Here's another tip for you, calling isn't everything in turkey hunting. The most important factor is scouting, and being where the birds want to be. This can make a first time hunter look like a pro because it is always easier to make a turkey go where he wants to go anyways.

I did not see any reference to other members making fun of you, but if they did then they should be ashamed for their mistakes. I am sorry to hear, if true, that this has happened.

Poaching is wrong, whether on private or public land.


----------



## cbbase32

thanks mallard_molester lol, there is onething i learned from the site, AHOLE LOT OF PRICKS ON HERE, so i did learn me something


----------



## mallard_molester

the funniest thing is, i could bet everything i own that everyone on this board does things that are illegal from time to time,


----------



## cbbase32

I bet everything i own aswell, sure they do, its like people goes to chuch just to get something free out of it, but never once laid there hand on a bible to read it. I would say 90% poachers here thereselfs no doubt


----------



## IOWAFOWLER

There is no way in hell there are 90% poachers on this site. You my friend are the minority. You need to realize that your a freakin idiot and should not be allowed to hunt. Its people like you that get our rights taken away little by little each year.


----------



## Crazy Horse RVN

My guess is that "cbbase32" is simply 'Full Of It" if you know what I mean. I don't believe for a minute that he killed a hen. He's just what's known as a internet "Troll."

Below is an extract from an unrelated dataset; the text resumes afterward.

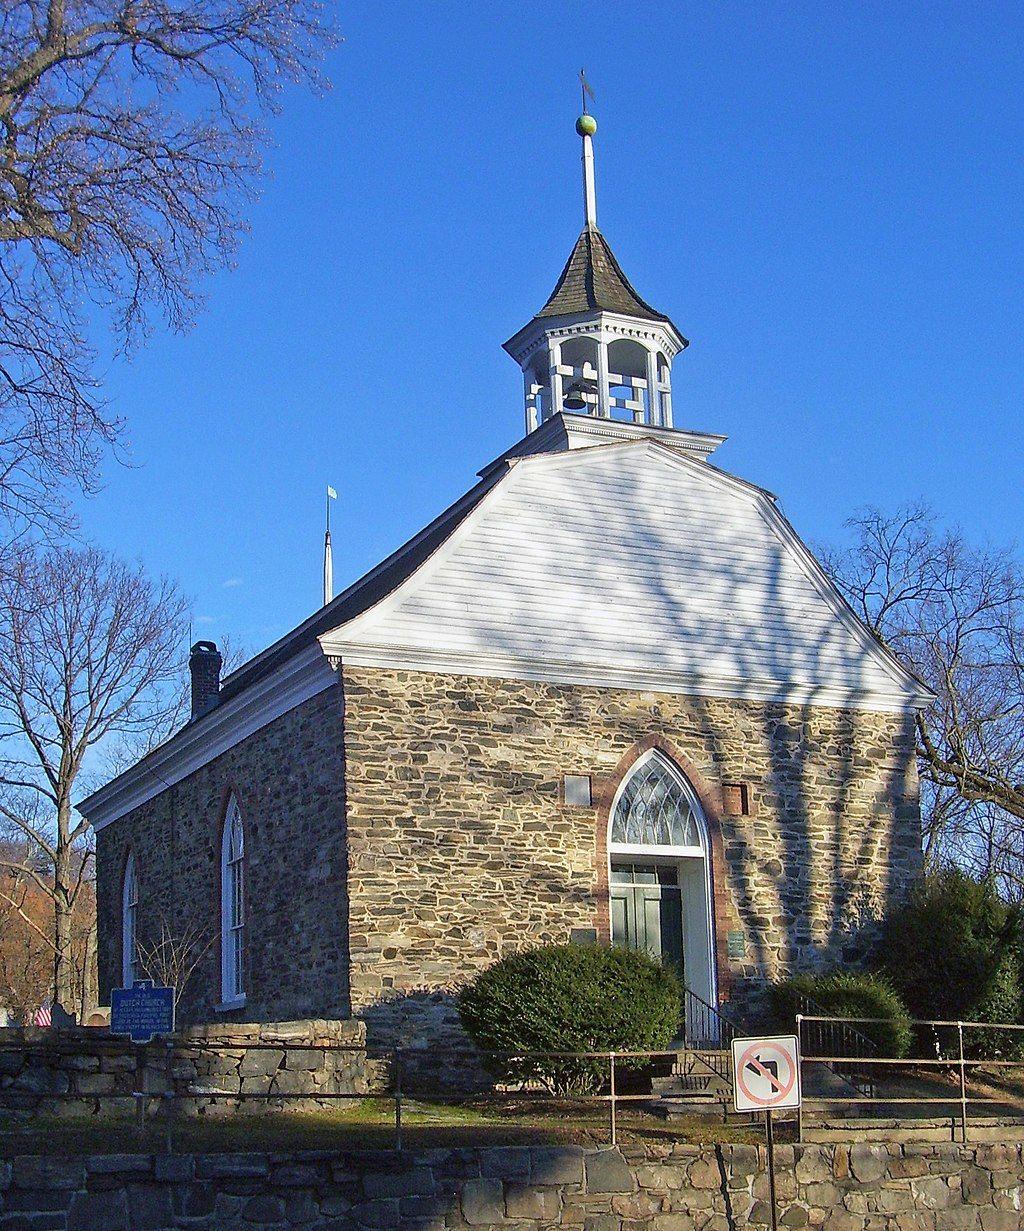 Old Dutch Church in Sleepy Hollow
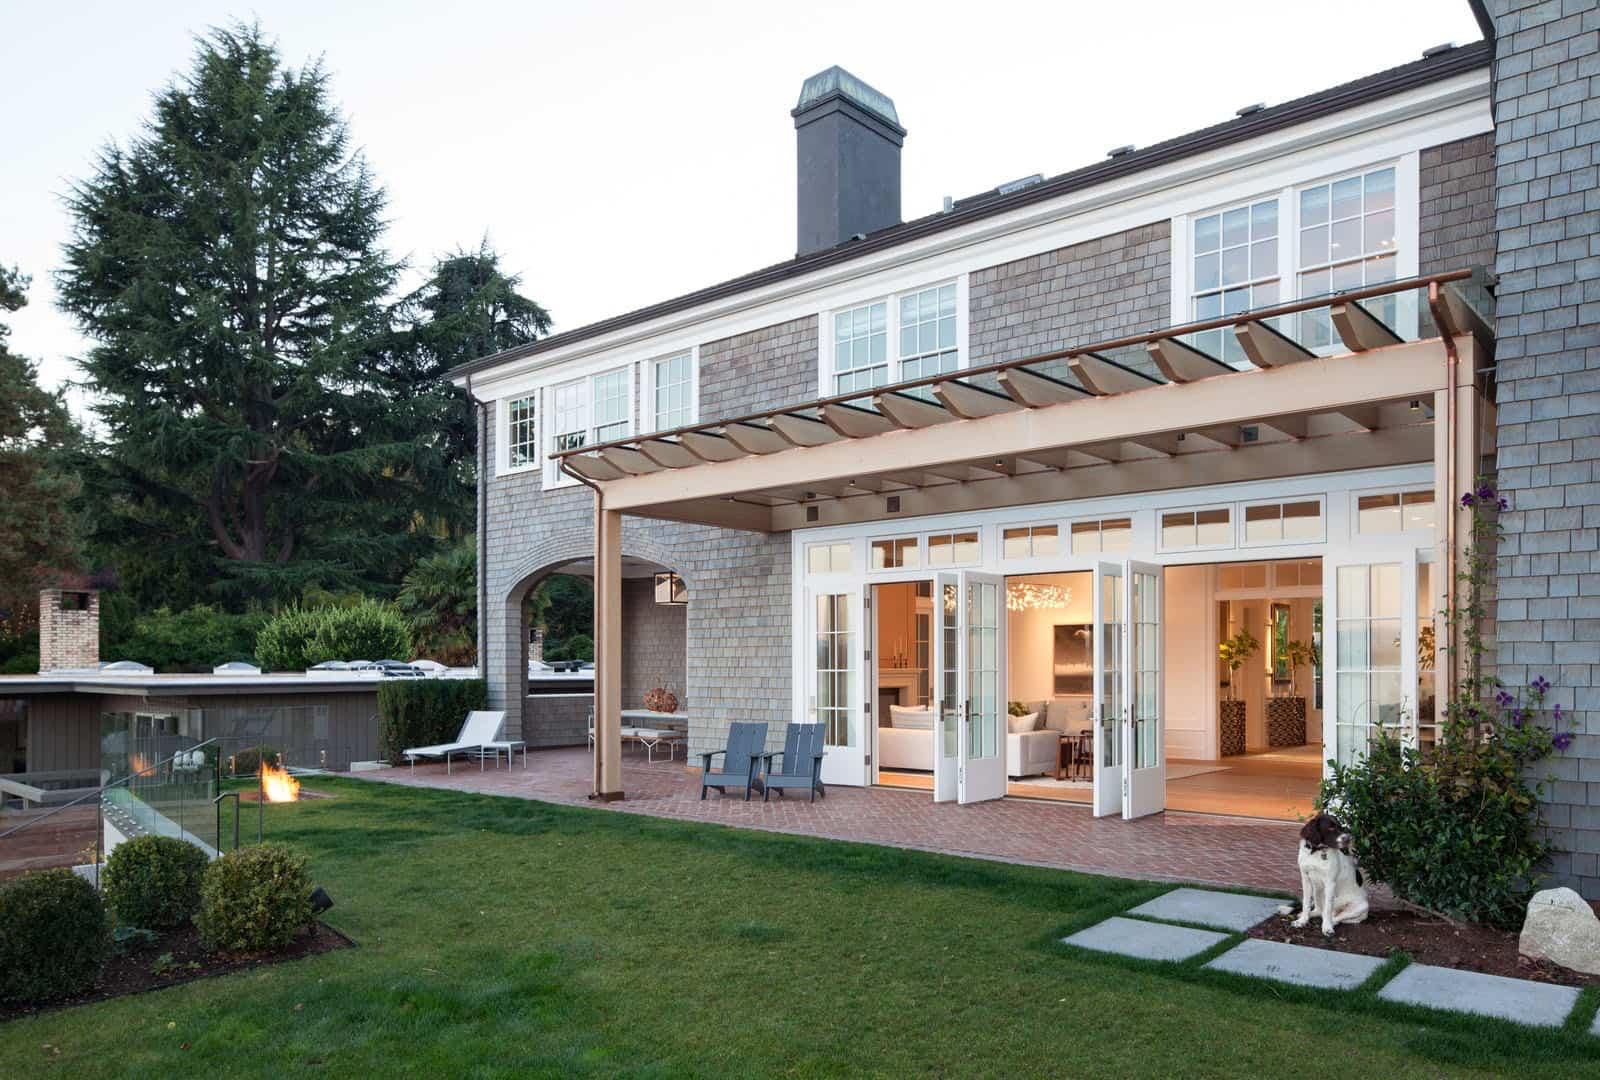 georgian-style-home-exterior-patio

With that handle "cbbase32" I'll bet there are a number of ND Game wardens running through CB files looking up that "Handle."

In any case, if there is some element of truth (and I doubt that) in his statement of poaching a hen, it will only be a matter of time before he's caught doing some other unlawful deed. His time will come. We can only hope it comes soon. :sniper:


----------



## nodakoutdoors.com

cbbase32 has been deactivated for obvious reasons.


----------